Here is a counterexample. Let $X = \mathbb{R}$ and $d_1(x,y) = \lvert y - x \rvert$. Define $d_2(x,y) = \lvert y - x \rvert$ if $\lvert y - x \rvert \le 1$ and $d_2(x,y) = \sqrt{\lvert y - x \rvert}$ if $\lvert y - x \rvert \ge 1$.
An obvious property of $d_2$ is that $\lvert y - x \rvert \le \lvert y' - x' \rvert$ implies $d_2(x,y) \le d_2(x',y')$. We shall moreover need the following well-known fact:
$(*)$ If $1 \le a \le b$, then $\sqrt{b} - \sqrt{a} \le b - a$.
Let us verify that $d_2$ is a metric. The only thing which is not trivial is the triangle inequality.
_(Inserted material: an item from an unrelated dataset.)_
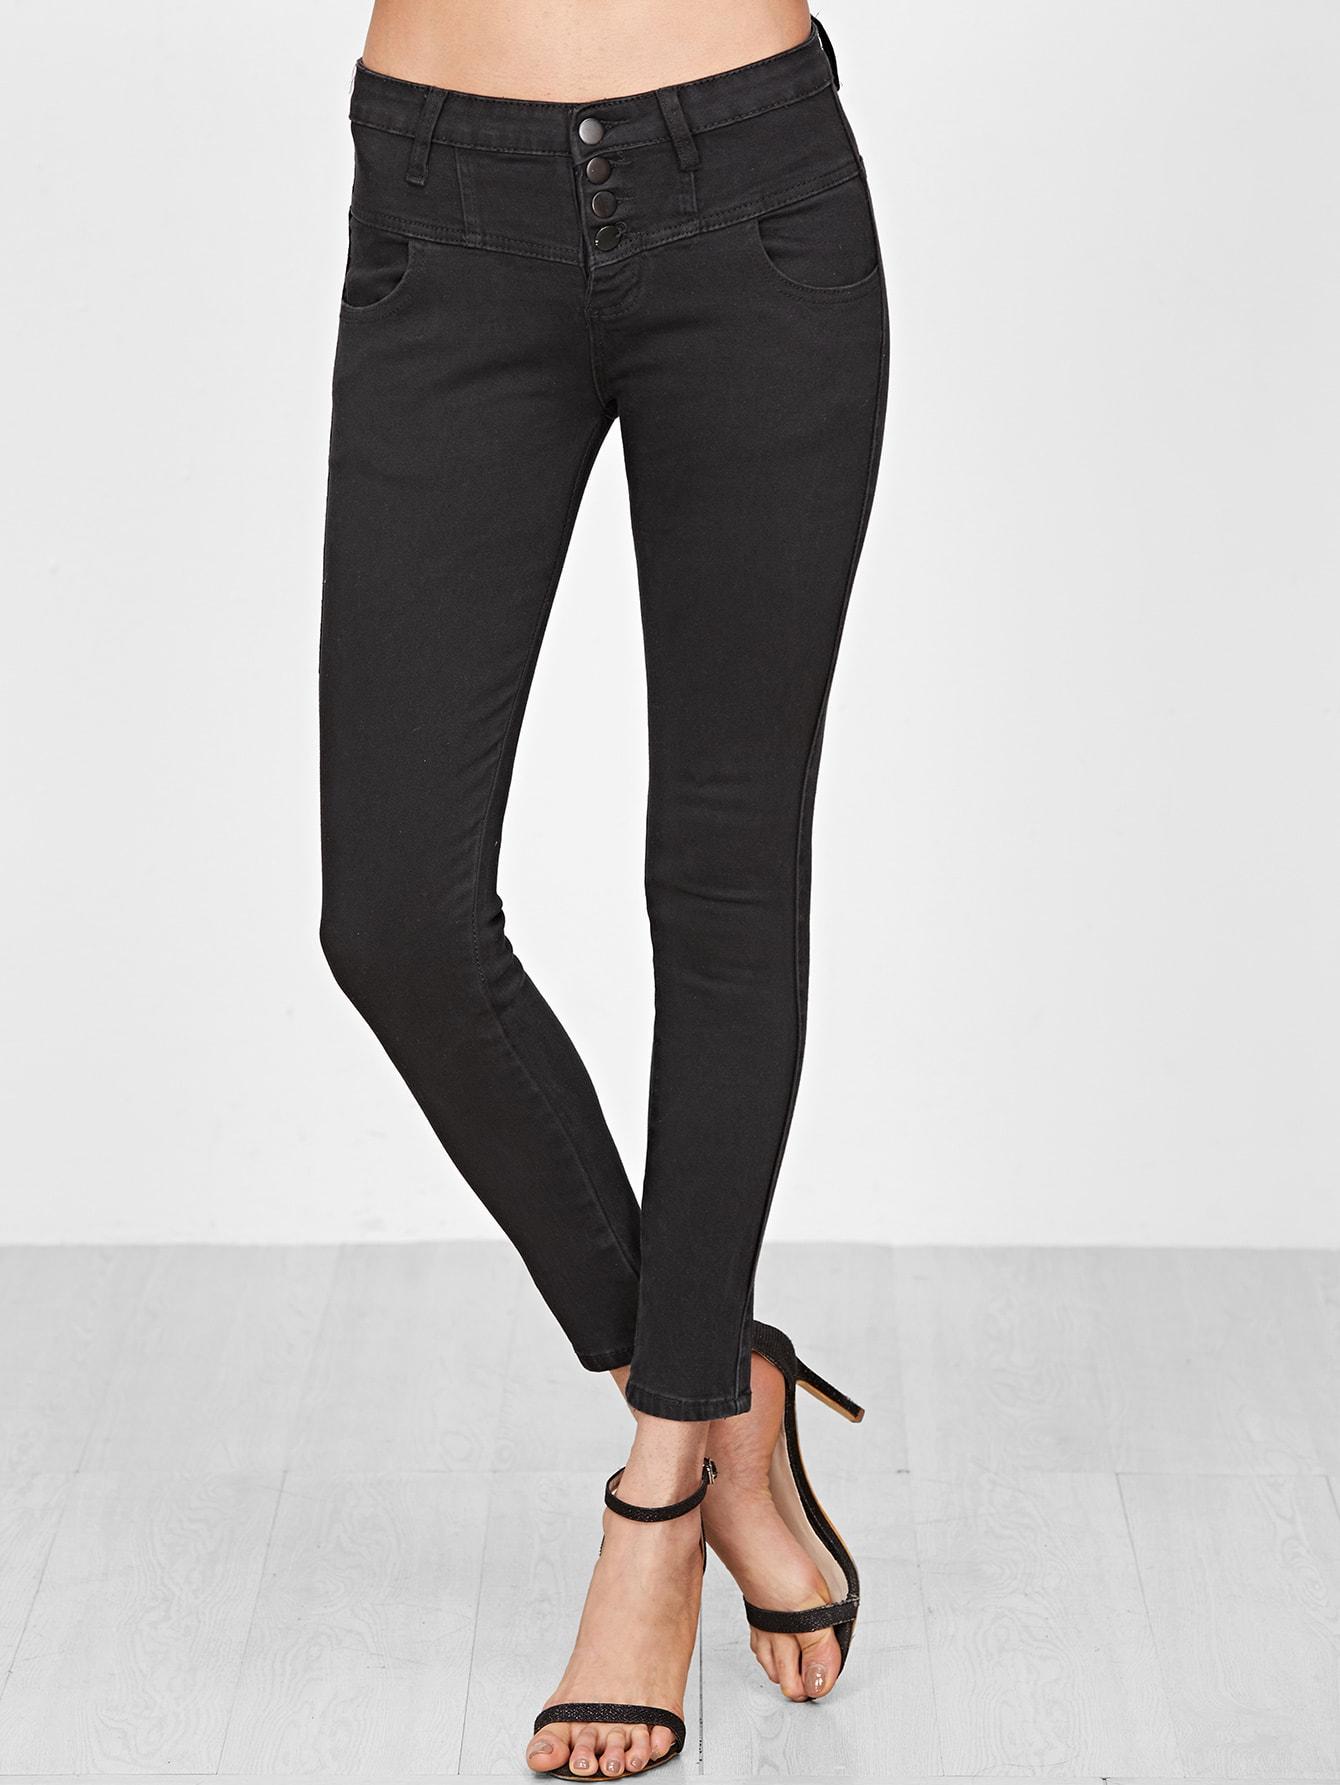 Black Single Breasted Skinny JeansBlack Single Breasted Skinny Jeans<br><br>color: Black<br>size: M
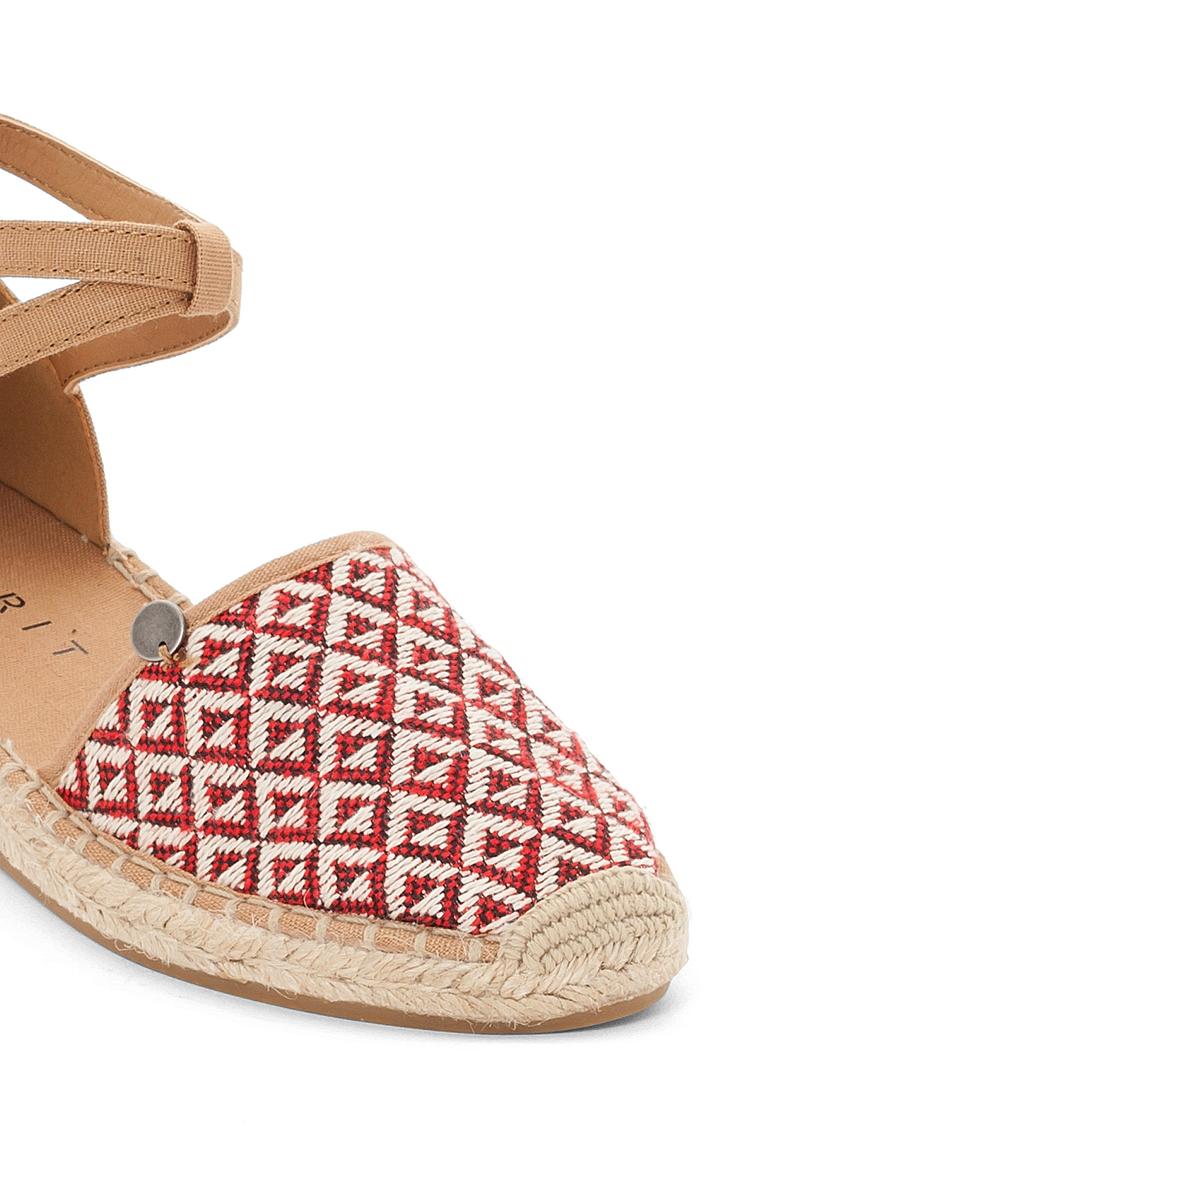 Туфли Ines EthnoВерх: полиэстер.  Стелька: кожа.  Подошва: каучук.Высота каблука: 2 см.Форма каблука: плоский каблук.Мысок: закругленный.Застежка: пряжка.<br><br>Цвет: красный наб. рисунок,рисунок темно-синий

For $x,y,z \in \mathbb{R}$ we have to show $d_2(x,y) \le d_2(x,z) + d_2(z,y)$. This is trivially true if $y = x$. In case $y \ne x$ we may w.l.o.g. assume that $y > x$, i.e. $y = x + r$ with $r > 0$.
(a) $z \le x$. Then $\lvert y - x \rvert \le \lvert z - x \rvert$, hence $d_2(x,y) \le d_2(x,z)$. The triangle inequality follows.
(b) $z \ge y$. Similar!
(c) $x < z < y$.
(c1) $r \le 1$. This reduces to the triangle inequality for $d_1$.
(c2) $r > 1$. Write $z = x + s$ with $0 < s < r$.
(c2.1) $s \le 1$ and $r - s \le 1$. Then we have to show $\sqrt{r} \le s + (r - s) = r$ which is true since $r > 1$.
(c2.2) $s \le 1$ and $r - s > 1$. Then we have to show $\sqrt{r} \le s + \sqrt{r - s}$. This follows from $(*)$.
(c2.3) $s > 1$ and $r - s \le 1$. Then we have to show $\sqrt{r} \le \sqrt{s} + (r - s) $. This follows agaim from $(*)$.
(c2.4) $s > 1$ and $r - s > 1$. Then we have to show $\sqrt{r} \le \sqrt{s} + \sqrt{r - s}$. This is obvious (take the squares of both sides).
$d_1$ are $d_2$ are uniformly equivalent because $d_2(x,y) \le d_1(x,y)$ and $d_2(x,y) < \min(1,\epsilon)$ implies $d_1(x,y) < \epsilon$ (in fact, we have $d_2(x,y) < 1$ which is only possible when $\lvert y - x \rvert < 1$ so that $d_1(x,y) = d_2(x,y) < \epsilon $).
$d_1$ and $d_2$ have the same bounded sets. If $B$ is bounded with respect to $d_1$, then it is obviously respect to $d_2$. Let $B$ be unbounded with respect to $d_1$. Then there exist $x_n,y_n \in B$ such that $d_1(x_n,y_n) \ge n$. But then $d_2(x_n,y_n) \ge \sqrt{n}$, hence $B$ be unbounded with respect to $d_2$.
$d_1$ and $d_2$ are not Hölder equivalent. Assume there are $C > 0$ and $\alpha \in (0,1]$ such that $d_1(x,y) \le C (d_2(x,y))^\alpha$. For $\lvert y - x \rvert \ge 1$ this means $\lvert y - x \rvert \le C \lvert y - x \rvert^{\alpha/2}$, i.e. $\lvert y - x \rvert^{1 - \alpha/2} \le C$. But $1 - \alpha/2 \in [1/2,1)$, hence $\lvert y - x \rvert^{1 - \alpha/2}$ cannot bounded by any constant $C$. This is a contradiction.
Best Answer
The textbook you linked distinguishes between $3$ types of equivalence:
•strong equivalence
•uniform equivalence &
•equivalence.
Evidently the condition that the identity map and its inverse be uniformly continuous corresponds to uniform equivalence. But strong equivalence is stronger, and is the one for which bounded sets are preserved.
As pointed out in the text, $\rho\le C\sigma$ may fail under uniform equivalence. In particular, it may fail when $\sigma =\frac{\rho}{1+\rho}$.